**DIRECTIONS FOR THIS TASK**
All of the entries below need repeating exactly, apart from their images.

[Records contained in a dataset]
Start of Block

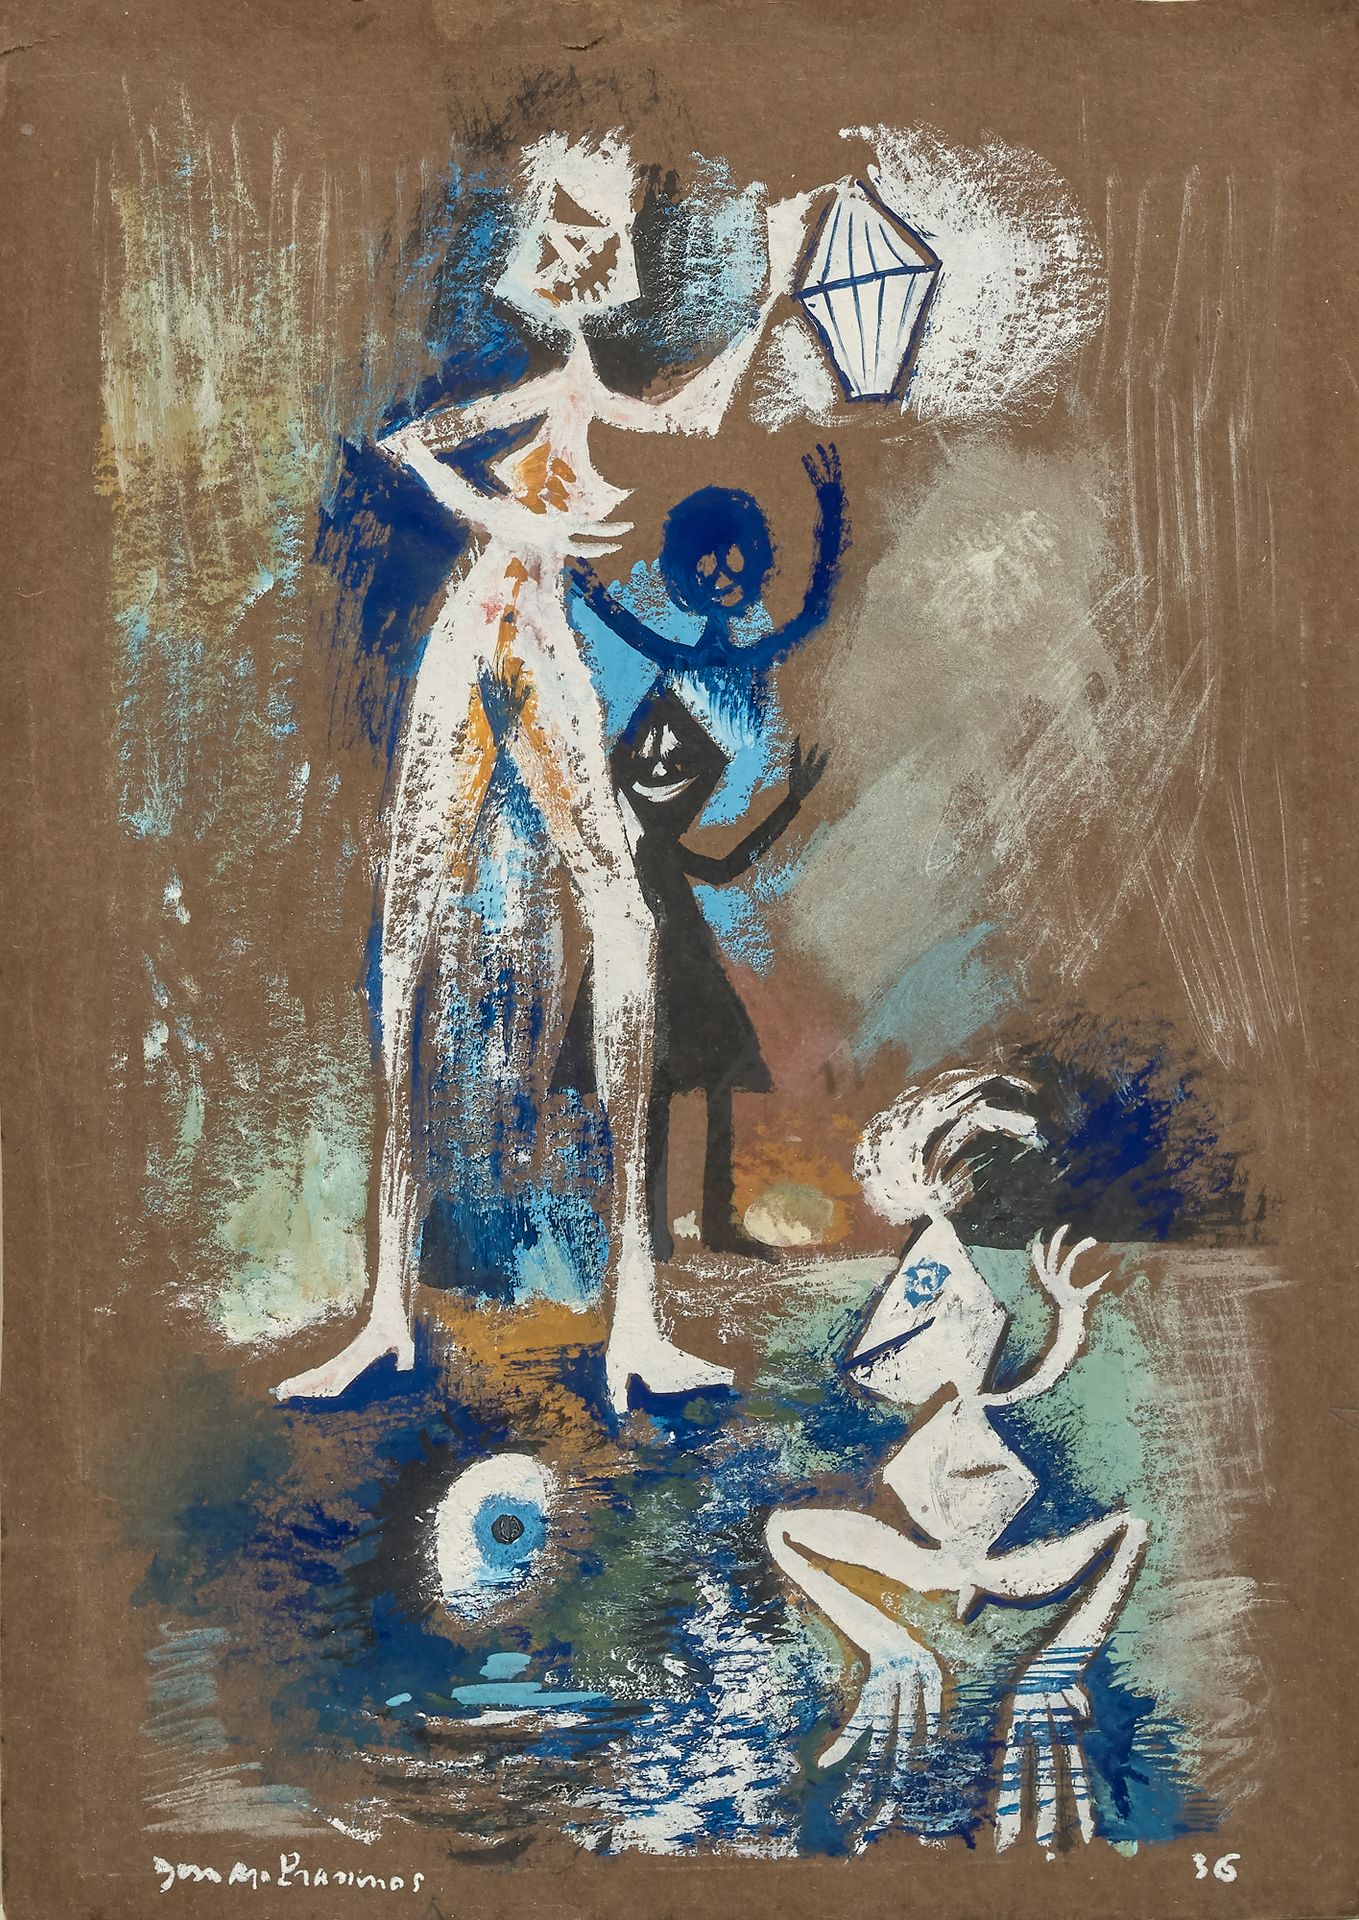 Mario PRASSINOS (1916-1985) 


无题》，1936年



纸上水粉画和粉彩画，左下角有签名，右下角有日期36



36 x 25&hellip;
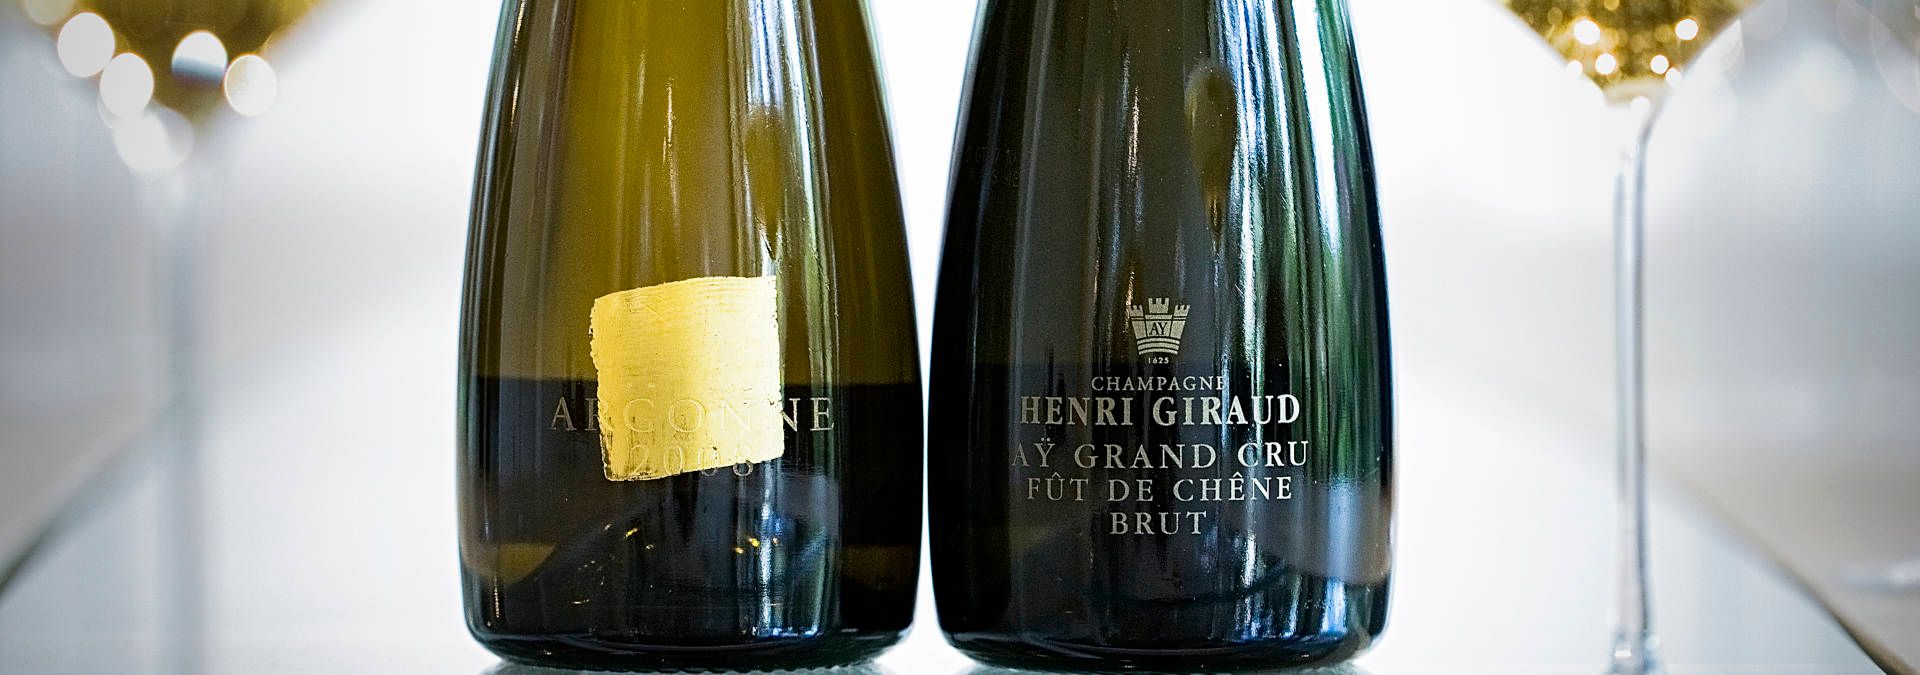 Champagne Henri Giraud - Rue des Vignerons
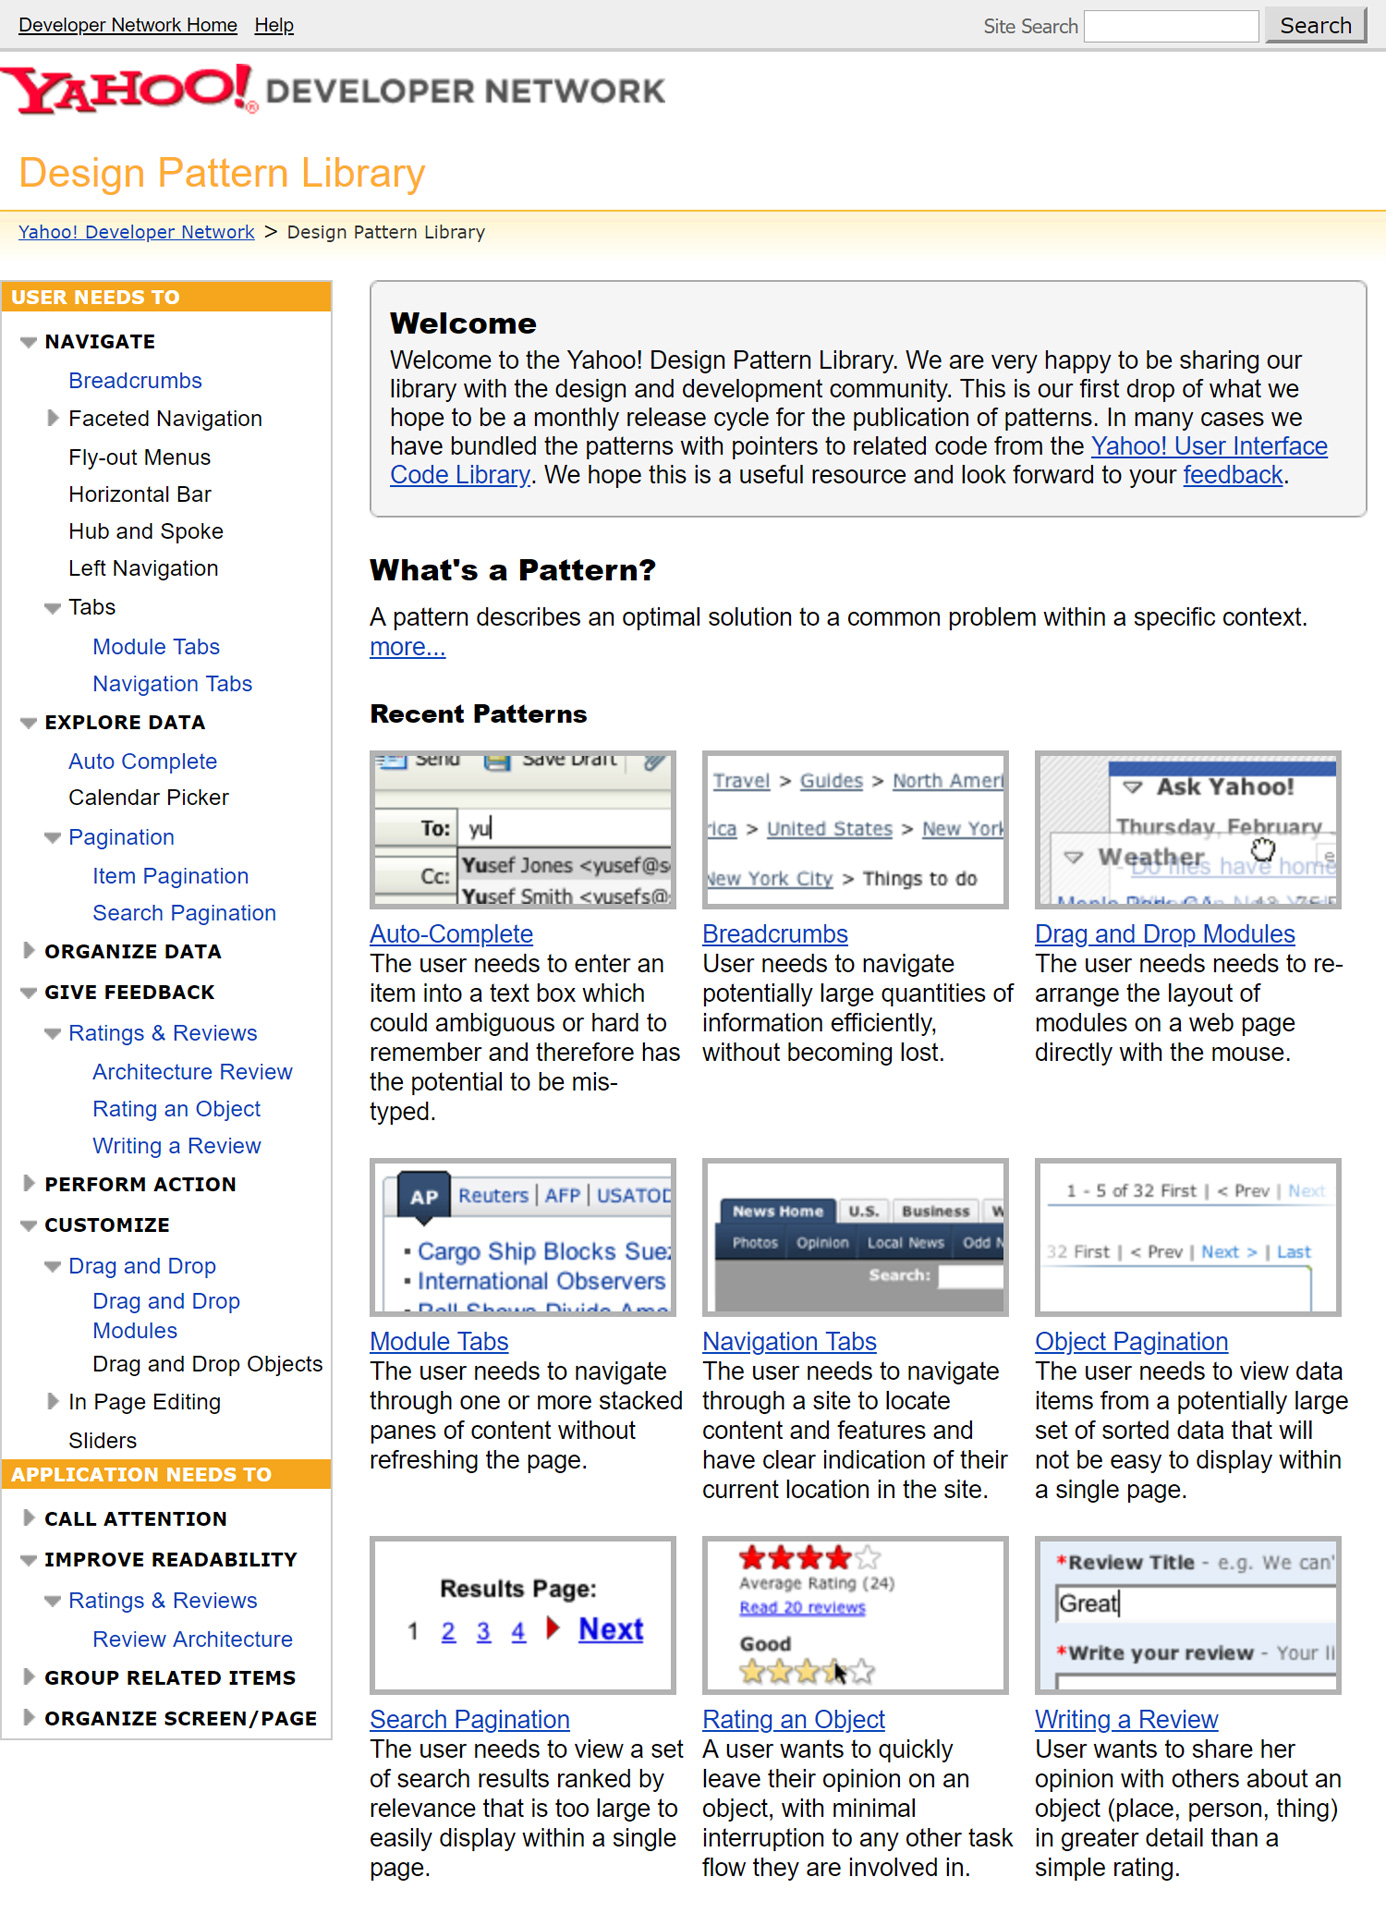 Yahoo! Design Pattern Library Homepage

End of Block

**RESULT OF THIS TASK**
 Mario PRASSINOS (1916-1985) 


无题》，1936年



纸上水粉画和粉彩画，左下角有签名，右下角有日期36



36 x 25&hellip;
 Champagne Henri Giraud - Rue des Vignerons
 Yahoo! Design Pattern Library Homepage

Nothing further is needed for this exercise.